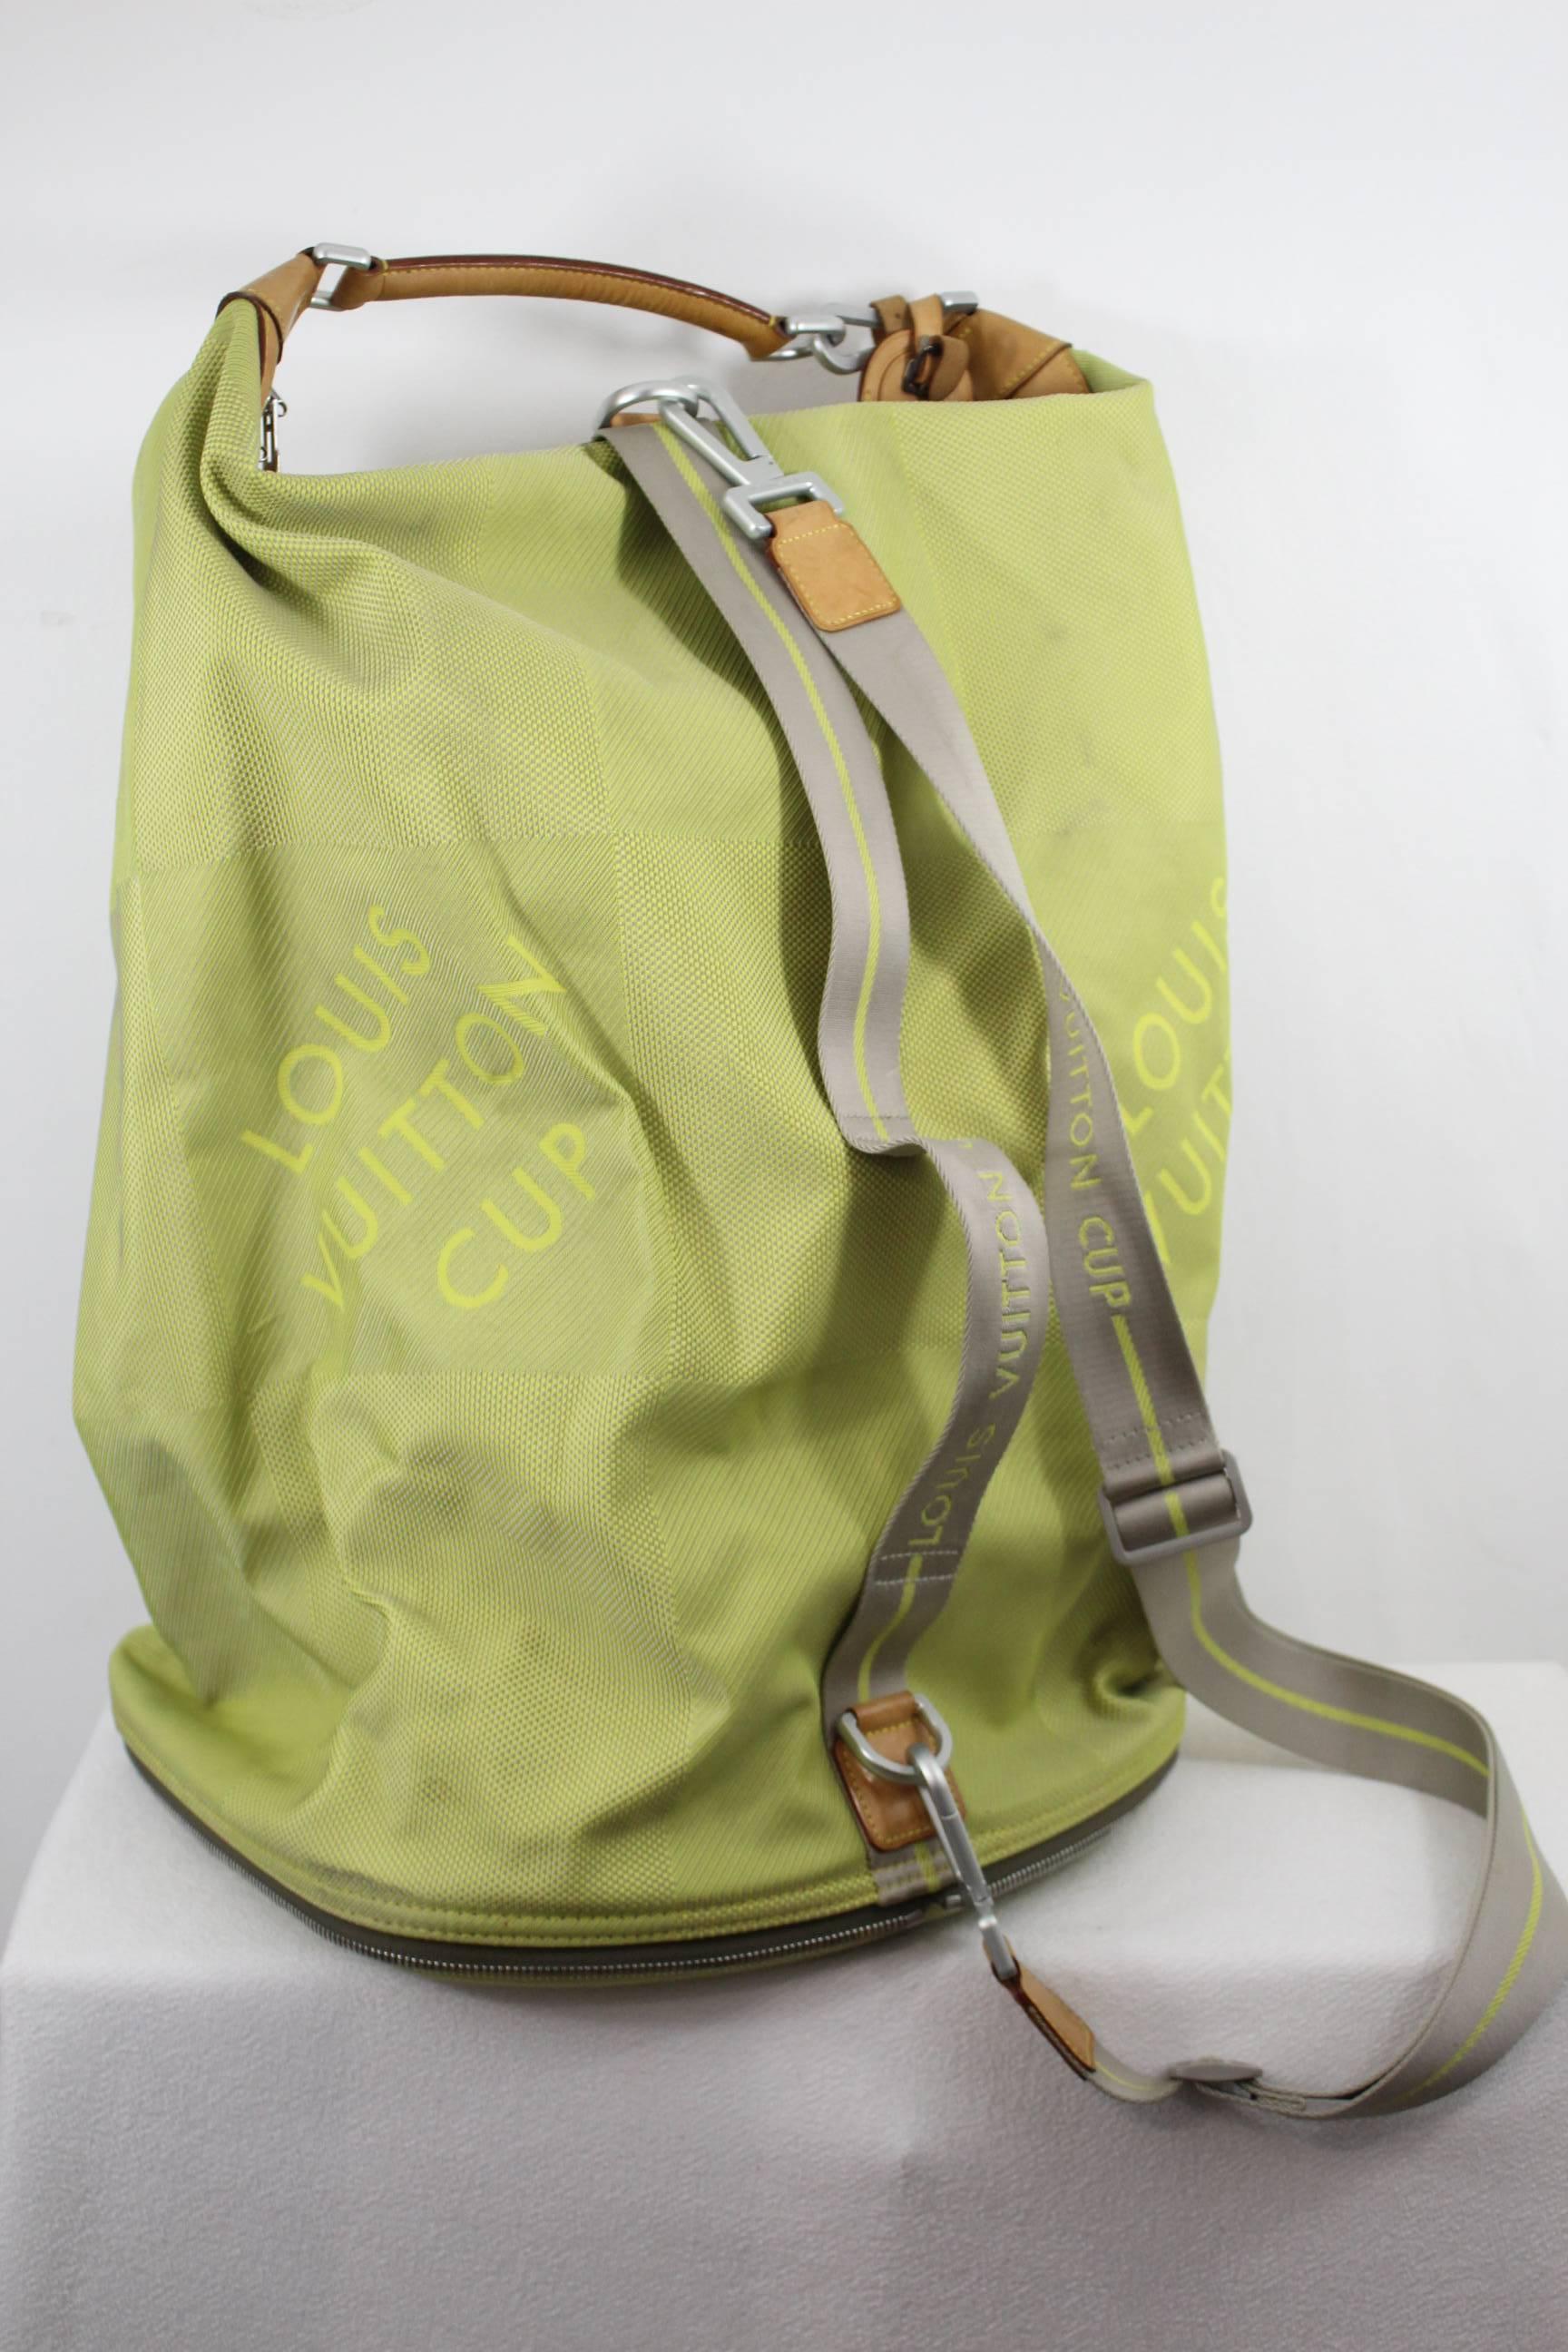 Awesome and super useful Louis Vuitton Travel bag in lime color. 

This bag has a detachable compartiment for the shoes with the wheels, that can de detached and we can use the upper part as a shoulder travel bags.

Sold with adjustable

• [WORK REQUEST] Output each of the lines above exactly, apart from the images.

• [TASK ANSWER]
 Awesome and super useful Louis Vuitton Travel bag in lime color. 

This bag has a detachable compartiment for the shoes with the wheels, that can de detached and we can use the upper part as a shoulder travel bags.

Sold with adjustable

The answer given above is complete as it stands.